Tesla's board of directors has approved a new compensation package for CEO Elon Musk, granting him 96 million restricted shares. These shares are valued at nearly 300 billion dollars, based on the closing price of the stock on Friday. The decision was made by a special committee of the board, chaired by Robyn Denholm and Kathleen Wilson-Thompson, and subsequently approved by the full board.

According to the company's disclosure, Musk will pay 23.34 dollars for each restricted share, which is the same exercise price as his 2018 compensation package. The total value of the shares, if calculated based on the closing price on Friday, amounts to approximately 290 billion dollars.

Tesla, in a letter to its shareholders, emphasized the importance of retaining Musk at this critical stage.
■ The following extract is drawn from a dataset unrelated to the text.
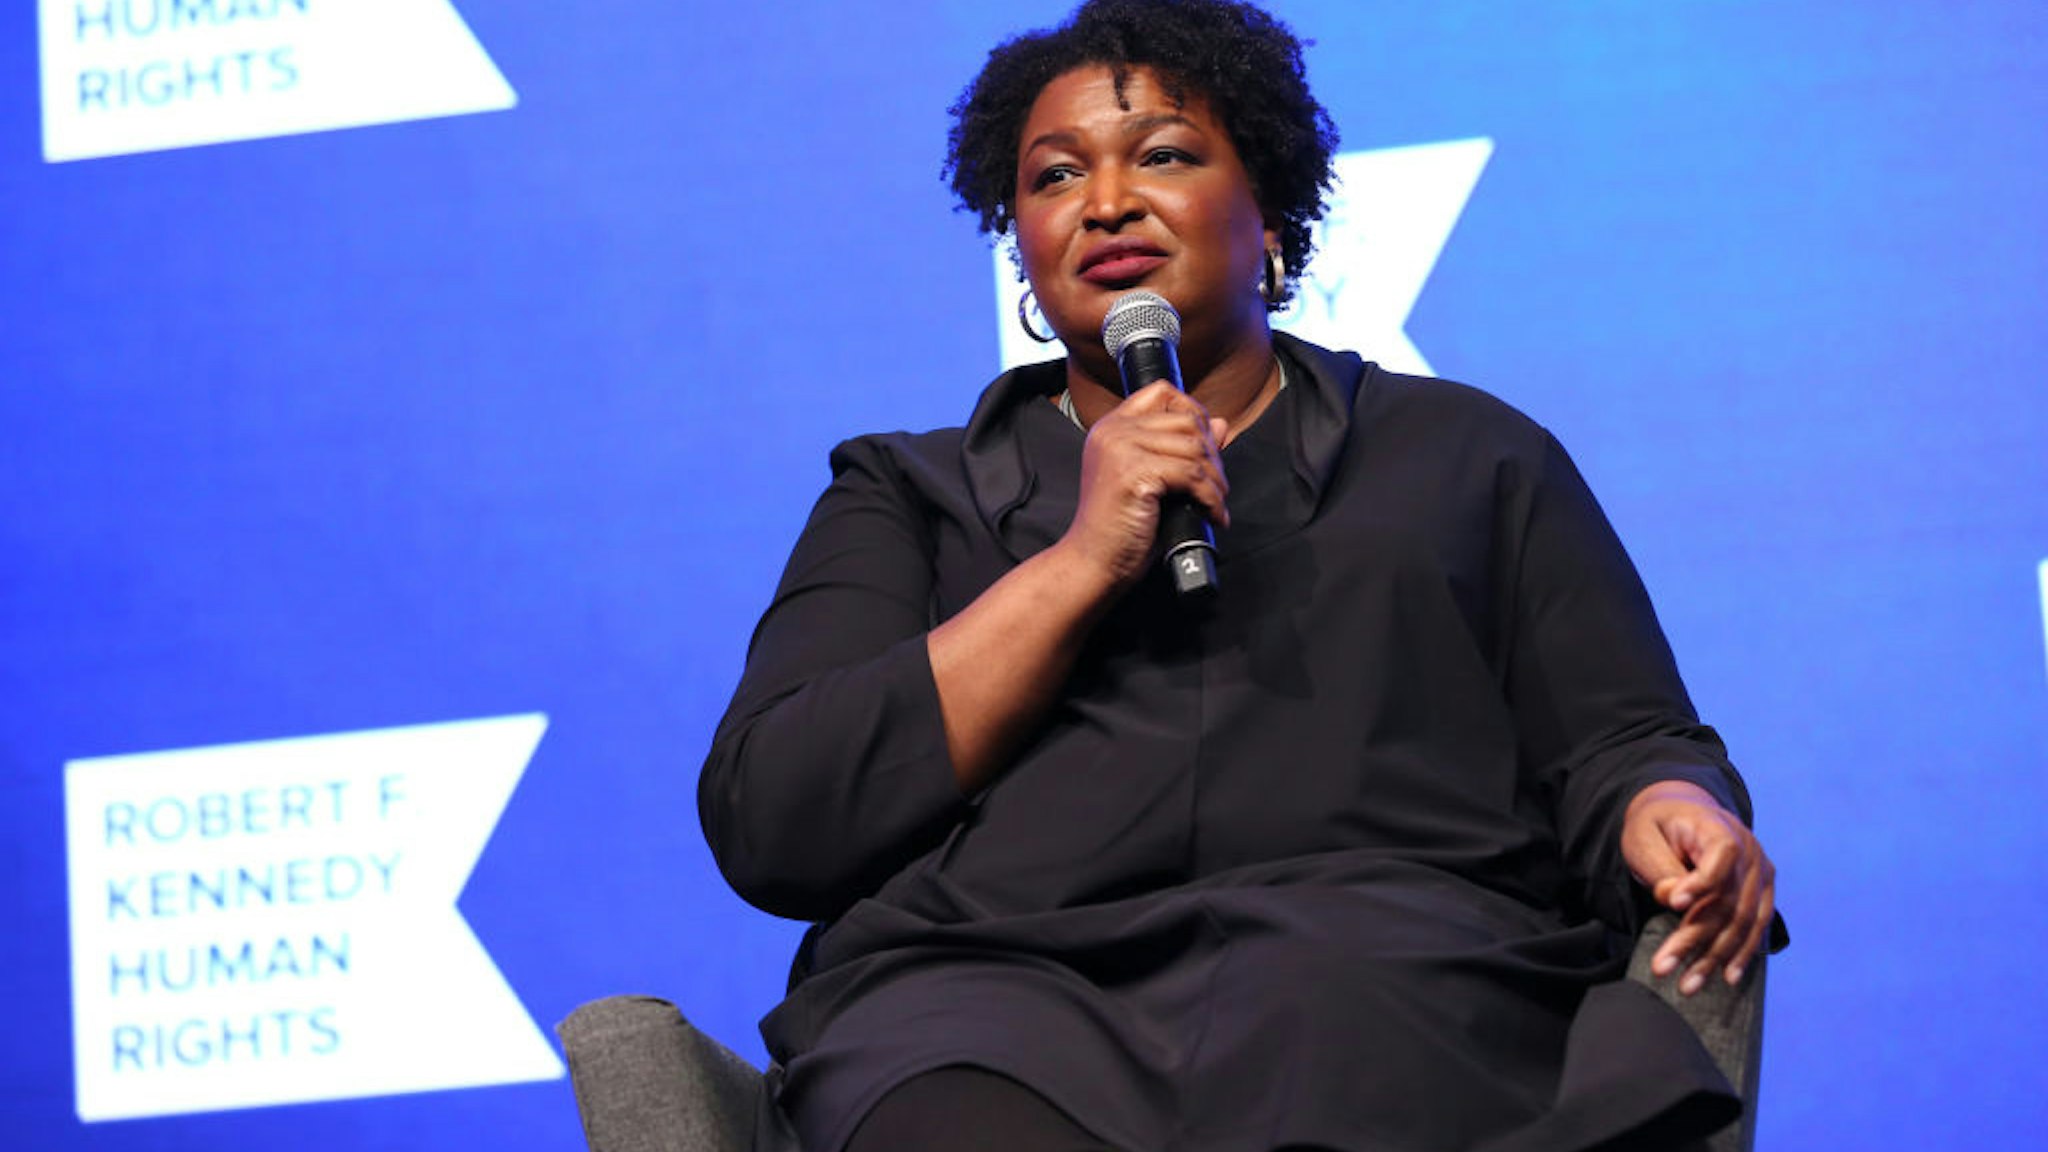 NEW YORK, NEW YORK - DECEMBER 09: Stacey Abrams speaks onstage during the 2021 Robert F. Kennedy Human Rights Ripple of Hope Award Gala on December 09, 2021 in New York City. (Photo by Monica Schipper/Getty Images for Robert F. Kennedy Human Rights)

The company believes that this compensation package will incentivize Musk to continue leading TeslaRACE--.

Musk recently expressed concerns about losing control of the company on a social media platform. He clarified that he had not used his Tesla shares as collateral for personal loans. Musk aims to increase his stake in the company to 25%, stating that this level would provide strategic control without being so high that he could be ousted. Currently, Musk holds approximately 12.8% of Tesla's shares. To reach the 25% threshold, he would need to acquire an additional 3 billion shares.

Musk also mentioned that aggressive shareholders could potentially remove him from the company he founded. He plans to propose new compensation and voting rights schemes at the upcoming shareholder meeting to address these concerns.